For Linux users, the installation method will depend on which flavour of Linux you are using. There are reasonably comprehensive instruction here for Debian, Redhat, Suse and Ubuntu. In most cases you can just use your OS package manager to install R from the official repository. On Ubuntu fire up a shell (Terminal) and use (you will need root permission to do this):

sudo apt update
sudo apt install r-base r-base-dev

which will install base R and also the development version of base R (you only need this if you want to compile R packages from source but it doesn’t hurt to have it).

If you receive an error after running the code above you may need to add a ‘source.list’ entry to your etc/apt/sources.list file. To do this open the terminal and enter this:

sudo apt install -y --no-install-recommends software-properties-common dirmngr
# Add keys
wget -qO- https://cloud.r-project.org/bin/linux/ubuntu/marutter_pubkey.asc | sudo tee -a /etc/apt/trusted.gpg.d/cran_ubuntu_key.asc

sudo add-apt-repository "deb https://cloud.r-project.org/bin/linux/ubuntu $(lsb_release -cs)-cran40/"

Once you have done this then re-run the apt commands above and you should be good to go.

Install the following packages to allow for future spatial data analysis:

sudo apt install -y libgdal-dev libproj-dev libgeos-dev libudunits2-dev libv8-dev libnode-dev libcairo2-dev libnetcdf-dev

1.1.1.2 RStudio

Whilst its eminently possible to just use the base installation of R (many people do), we will be using a popular Integrated Development Environment (IDE) called RStudio. RStudio can be thought of as an add-on to R which provides a more user-friendly interface, incorporating the R Console, a script editor and other useful functionality (like R markdown and Git Hub integration). You can find more information about RStudio here.

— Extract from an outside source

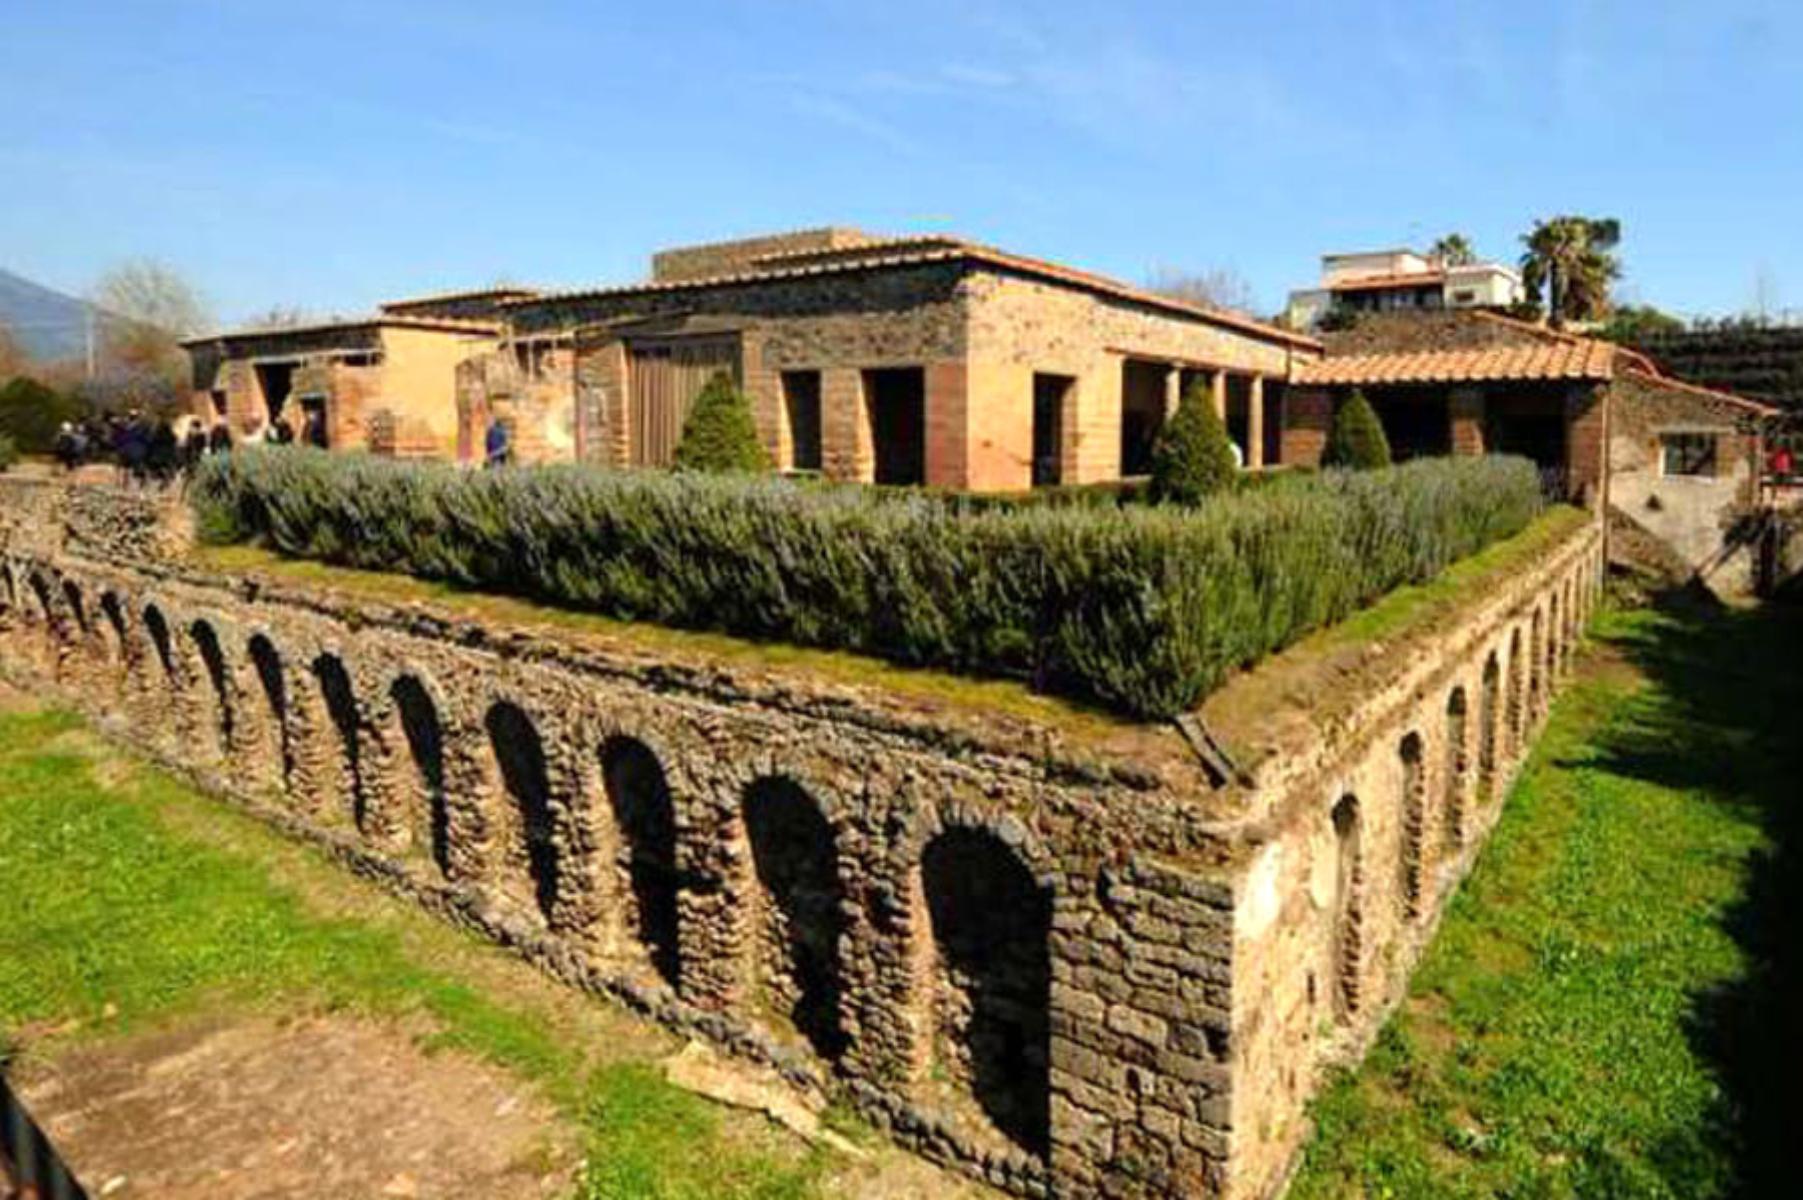 Pompei'de taşlaşmış at kalıntıları bulundu

RStudio is freely available for Windows, Mac and Linux operating systems and can be downloaded from the RStudio site. You should select the ‘RStudio Desktop’ version. Note: you must install R before you install RStudio.

1.1.1.2.1 Windows and Mac users

For Windows and Mac users you should be presented with the appropriate link for downloading. Click on this link and once downloaded run the installer and follow the instructions. If you don’t see the link then scroll down to the ‘All Installers’ section and choose the link manually.

1.1.1.2.2 Linux users

For Linux users scroll down to the ‘All Installers’ section and choose the appropriate link to download the binary for your Linux operating system. RStudio for Ubuntu (and Debian) is available as a *.deb package.

To install the *.deb file navigate to where you downloaded the file and then enter the following command with root permission

sudo apt install ./rstudio-2022.07.2-576-amd64.deb

You can then start RStudio from the Console by simply typing

rstudio

or you can create a shortcut on you Desktop for easy startup.

1.1.2 Help

The R help is very useful for the use of functions.

?plot #displays the help page for the plot function
help("*") #for unconventional characters

Calling the help opens a page (the exact behavior depends on the operating system) with information and usage examples about the documented function(s) or operators.

1.1.3 Functions

The basic syntax is:

afunction <- function(arg1, arg2){
  arg1 + arg2
}
afunction(10, 5)
[1] 15

1.2 Spatial in R : History and evolutions

Historically, 4 packages make it possible to import, manipulate and transform spatial data:

  • The package rgdal (Bivand, Keitt, and Rowlingson 2022) which is an interface between R and the GDAL (GDAL/OGR contributors, n.d.) and PROJ (PROJ contributors 2021) libraries allow you to import and export spatial data (shapefiles for example) and also to manage cartographic projections
  • The package sp (E. J. Pebesma and Bivand 2005) provides class and methods for vector spatial data in R. It allows displaying background maps, inspectiong an attribute table etc.
  • The package rgeos (Bivand and Rundel 2021) gives access to the GEOS spatial operations library and therefore makes classic GIS operations available: calculation of surfaces or perimeters, calculation of distances, spatial aggregations, buffer zones, intersections, etc.
  • The package raster (Hijmans 2022a) is dedicated to the import, manipulation and modeling of raster data.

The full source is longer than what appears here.